The slogan for Chevrolet, General Motors’ flagship brand of cars, once boasted it was “The Heartbeat of America.”
For better or worst, as the US auto giant celebrates its 100th anniversary this month, the company’s health has never seemed more tied to the country’s economic health.
At a time when the US economy is spluttering, the country’s most venerable car brand seems to be running out of gas.
“General Motors is closely related to the old economy, the manufacturing economy that America was largely based for the good part of the last century,” said Karl Brauer, editor-in-chief of automotive Web site Edmunds.com.
As manufacturing declines in the new century, so has GM, that potent symbol of US industry.
The company was founded in 1908 in Flint, Michigan — the hometown of filmmaker Michael Moore, whose first documentary Roger and Me focused on GM plant closings in Flint in the late 1980s.
At its start GM was known for being an innovative industry leader.
GM started as “pioneers” and kept it up for quite a while, said Leslie Kendall, curator of the Peterson Automotive Museum in Los Angeles.
The electric self starter was a GM first, introduced only four years after the company’s founding.
Independent front suspension, the V12 and V16 engines, fins, flaps, the Cadillac and the Chevrolet Corvettee — a global automotive icon for 55 years — all came out of Flint, Michigan.
But, Kendall noted, the company “went from being a leader to becoming a follower, from setting the trends to following the trends.”
The oil crises of the 1970s saw the company’s market share begin to slip, as frugal Japanese models overtook GM’s muscle cars like the Pontiac GTO and the Chevrolet Camaro.
In these decades GM “seemed to have lost their ways, they became ponderous, all the creative enthusiasm seemed to have been drained,” Kendall said.
“There’s nothing wrong with following the trends, if you do it right, in a timely way and profitably, but they had trouble with that,” Kendall said.
The big shots of this era were the Chrysler Voyager minivan in 1983, and the Ford Explorer, the first family sports utility vehicle (SUV), in 1993.
But GM had trouble keeping ahead of the curve.
“Cadillac was offering a S75 limousine along with the Cimarron, which was a Chevrolet Cavalier in a party dress and not a pretty one,” Kendall said, adding: “They started to squander the public confidence.”

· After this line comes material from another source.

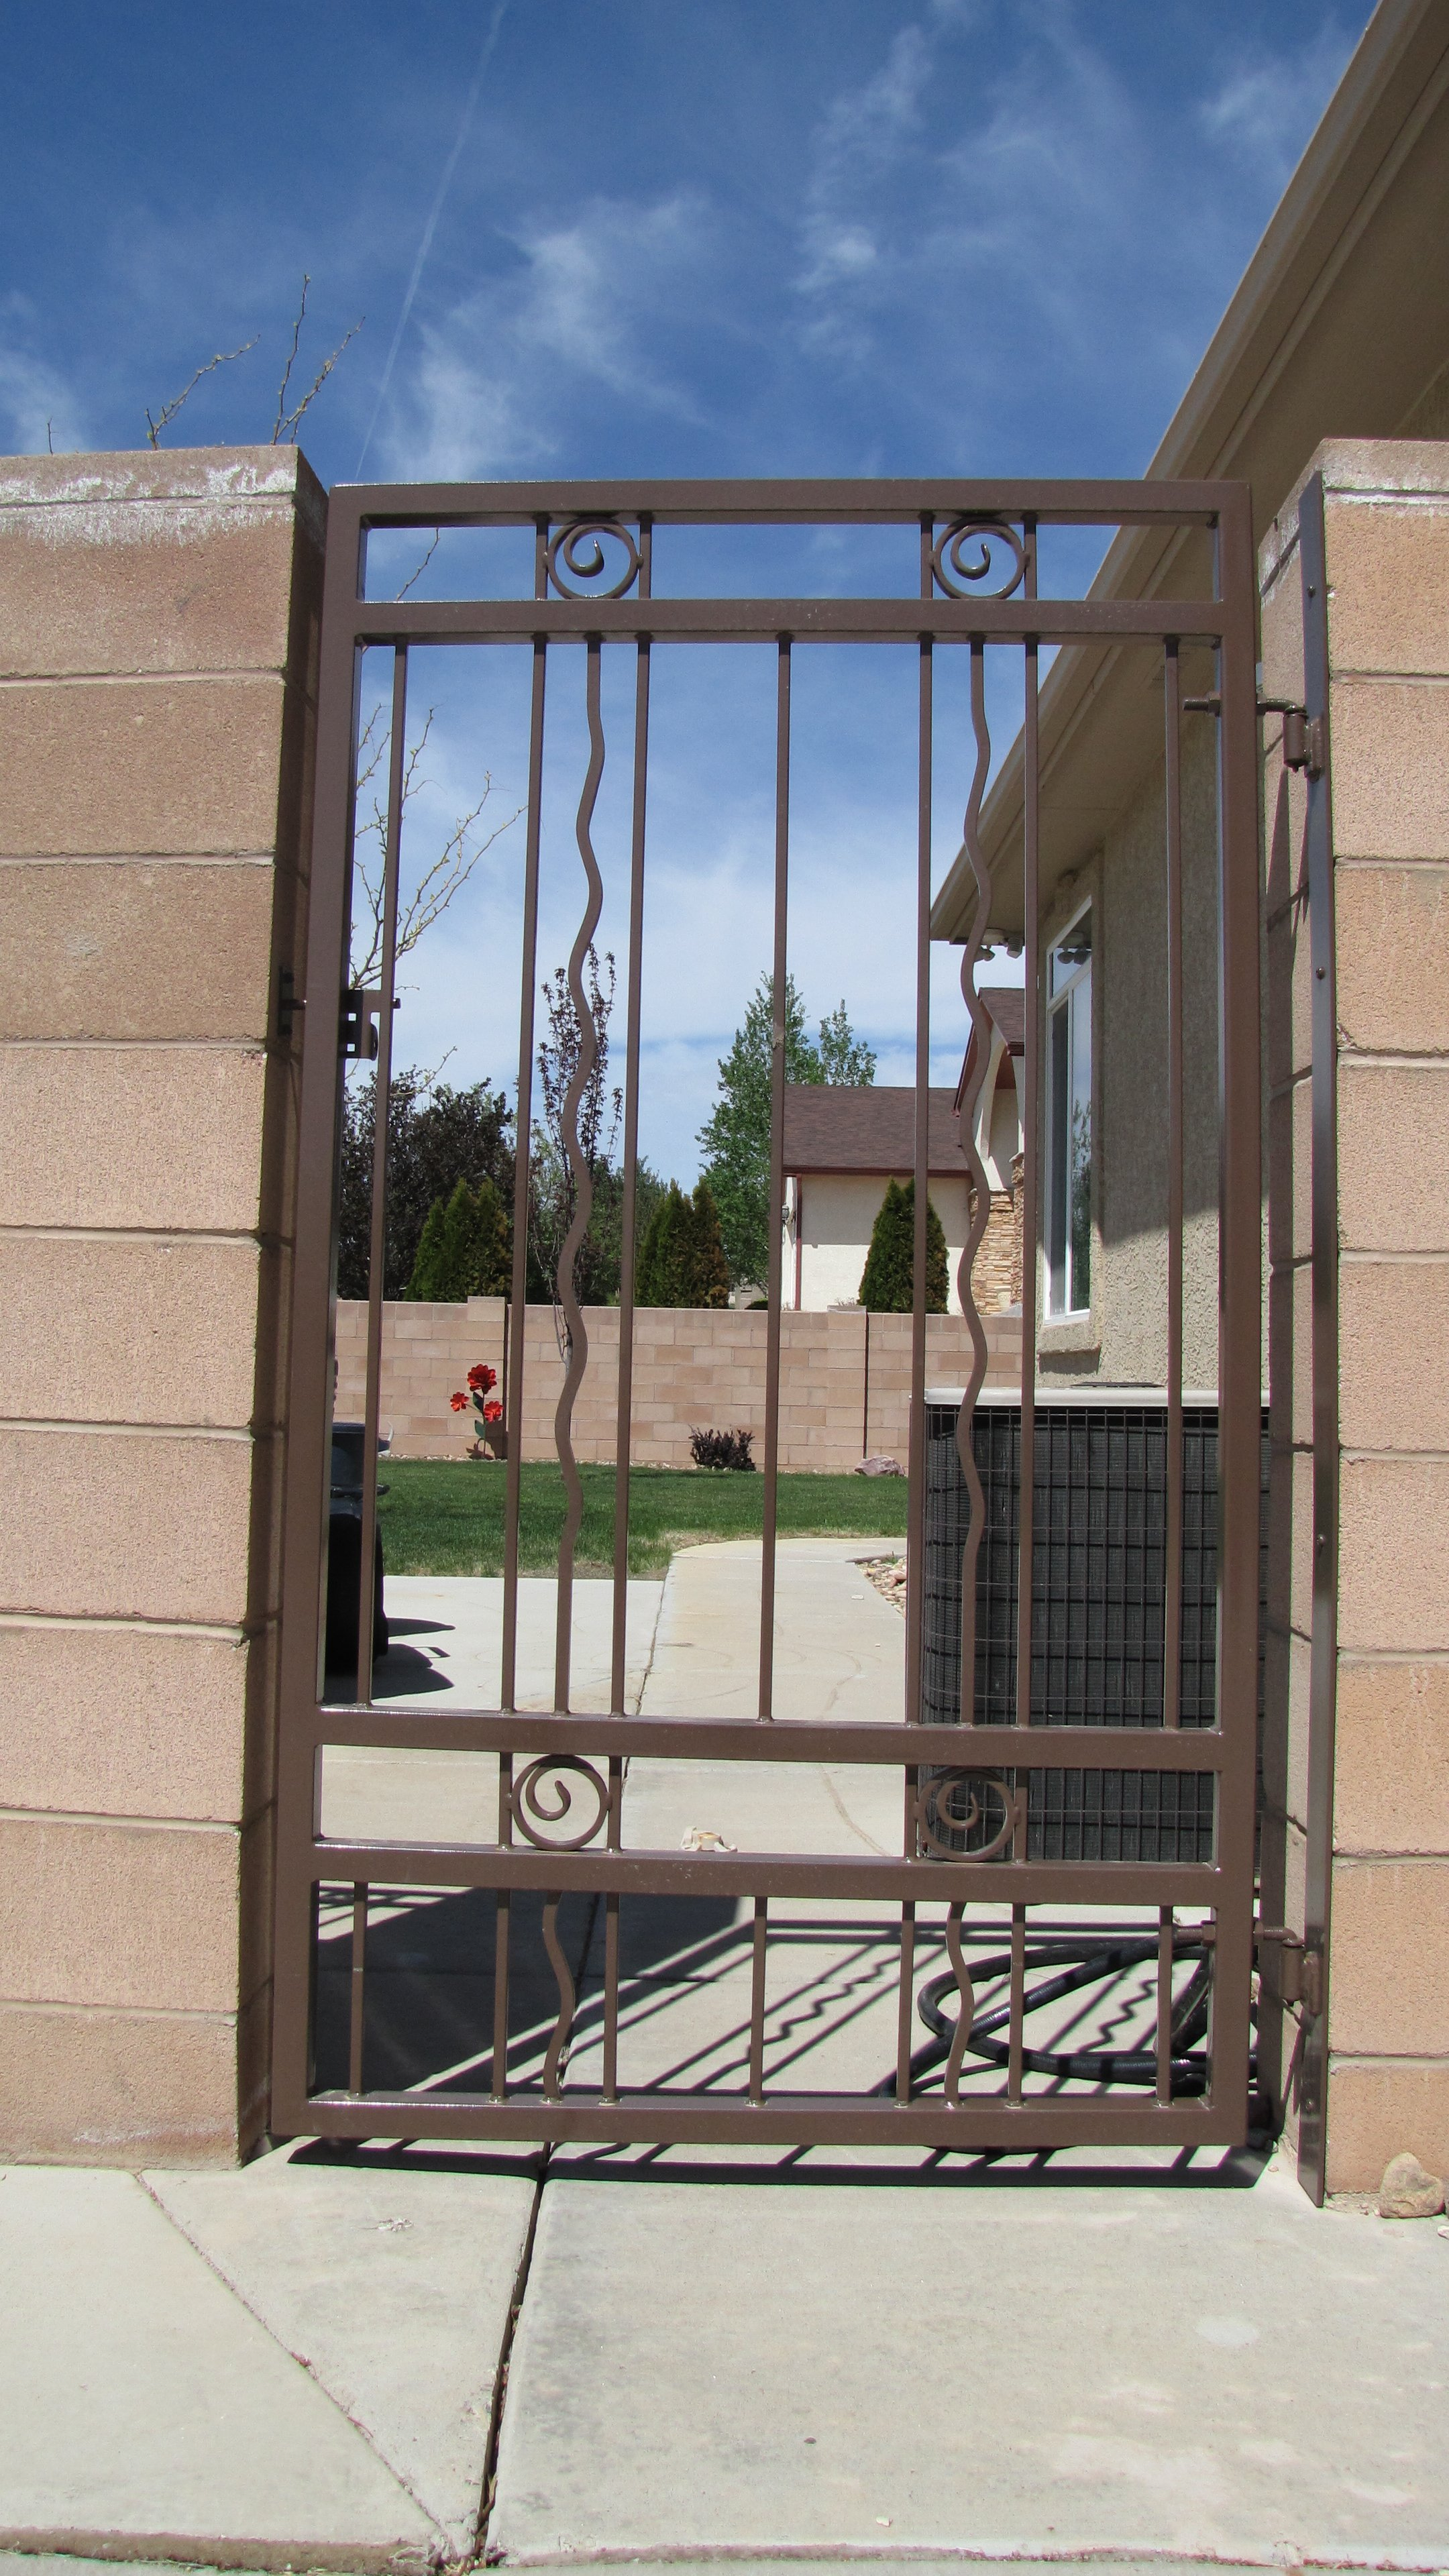 Trujillo fence and gates0003.JPG

Even when the company had the good ideas, they came at the wrong time.
For example, the revolutionary battery-powered EV-1 in 1996 could have turned the company’s fortunes, but it was “too far ahead of its time,” Brauer said.
Brauer attributes GM’s current state to a lack of diversity.

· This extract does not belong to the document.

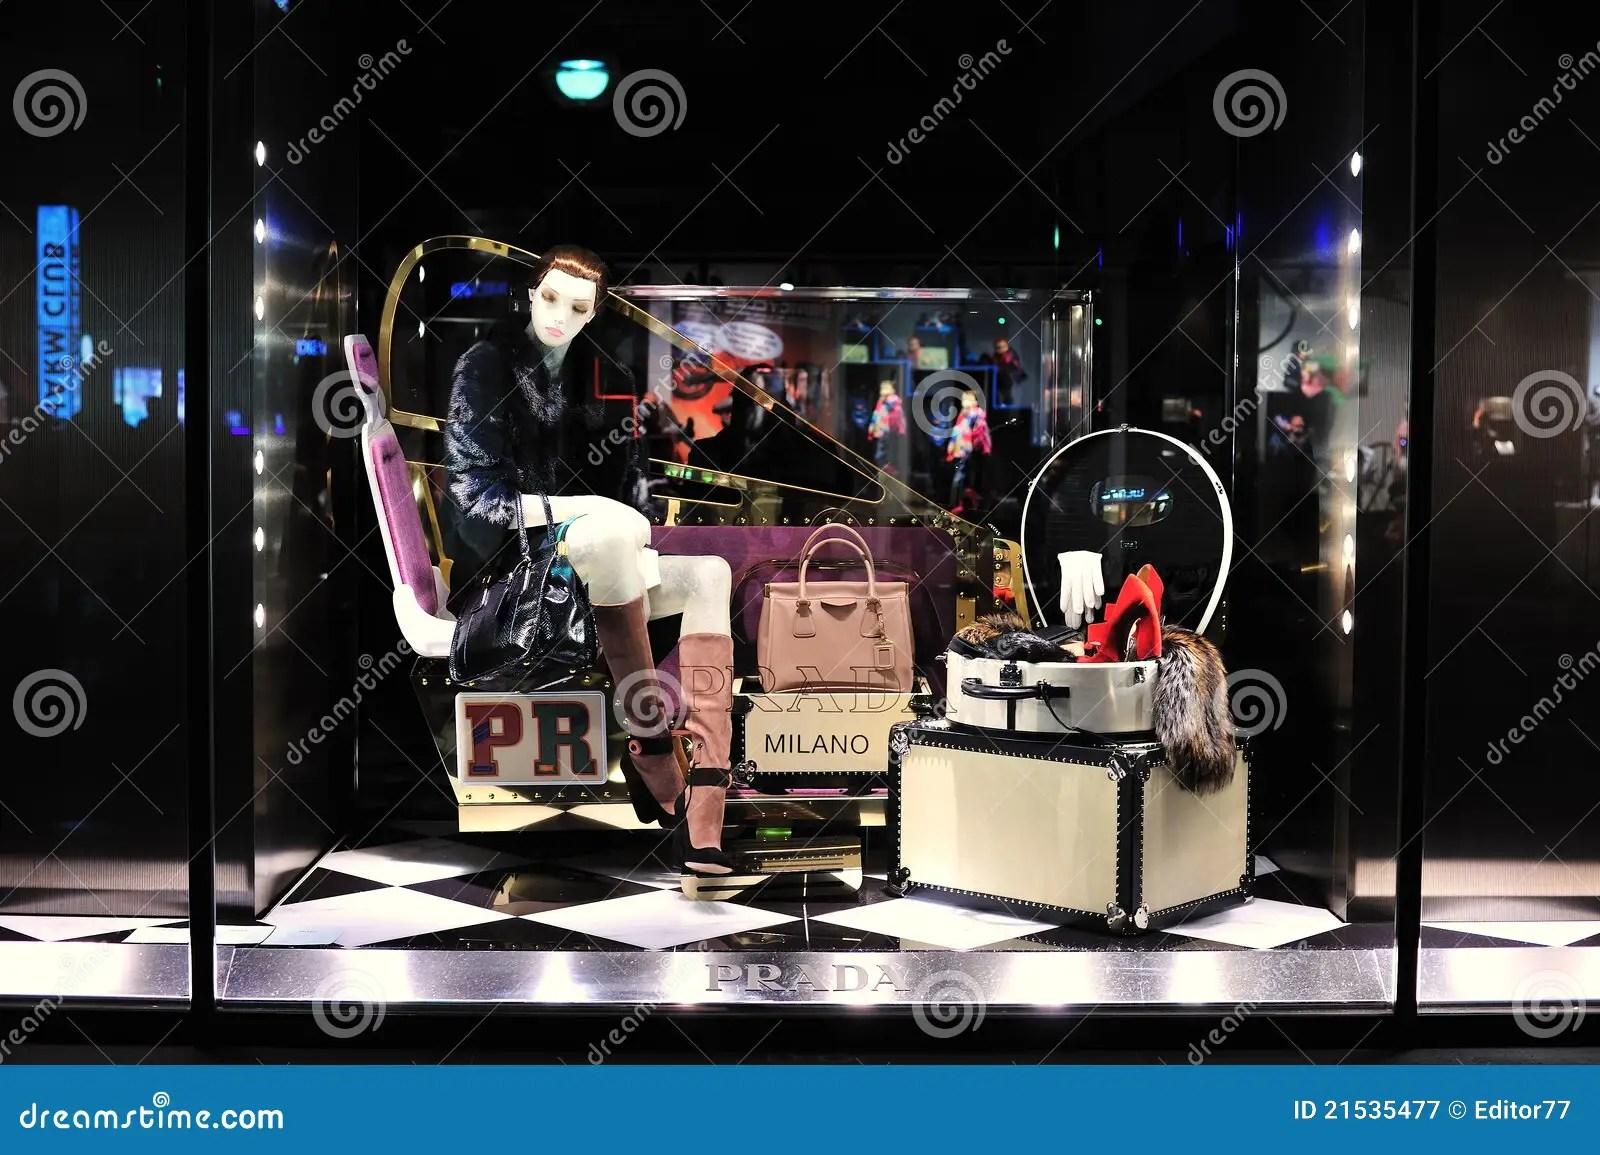 Prada Luxury Fashion Store Editorial Photography Image

“When SUVs and big trucks are selling well, that’s fine ... but the company didn’t plan enough variety in the product line-up,” he said, adding that “when the market shifted they didn’t have anywhere to go.”
GM however has not remained stagnant in the face of soaring oil prices.
In Europe the company’s Opel brand hopes to corner the market for smaller, more fuel efficient models.
For the 2009 model year GM have introduced the Chevrolet Volt, an electric car that hopes to take off where the EV-1 crashed. But is it too late?
“I find it somewhat ironic that in the same week as GM is celebrating its 100th anniversary, the other biggest headline is: ‘Will the government bail out the domestics in order to prevent them from going under?’” Brauer said.
Kendall offered a philosophic take: “Nobody can be on top forever. Everything is cyclical, GM is cyclical too.”
“The time may come, hopefully soon, when GM and US car manufacturers will return to world marketplace dominance. But who knows when that’s gonna be?” he said.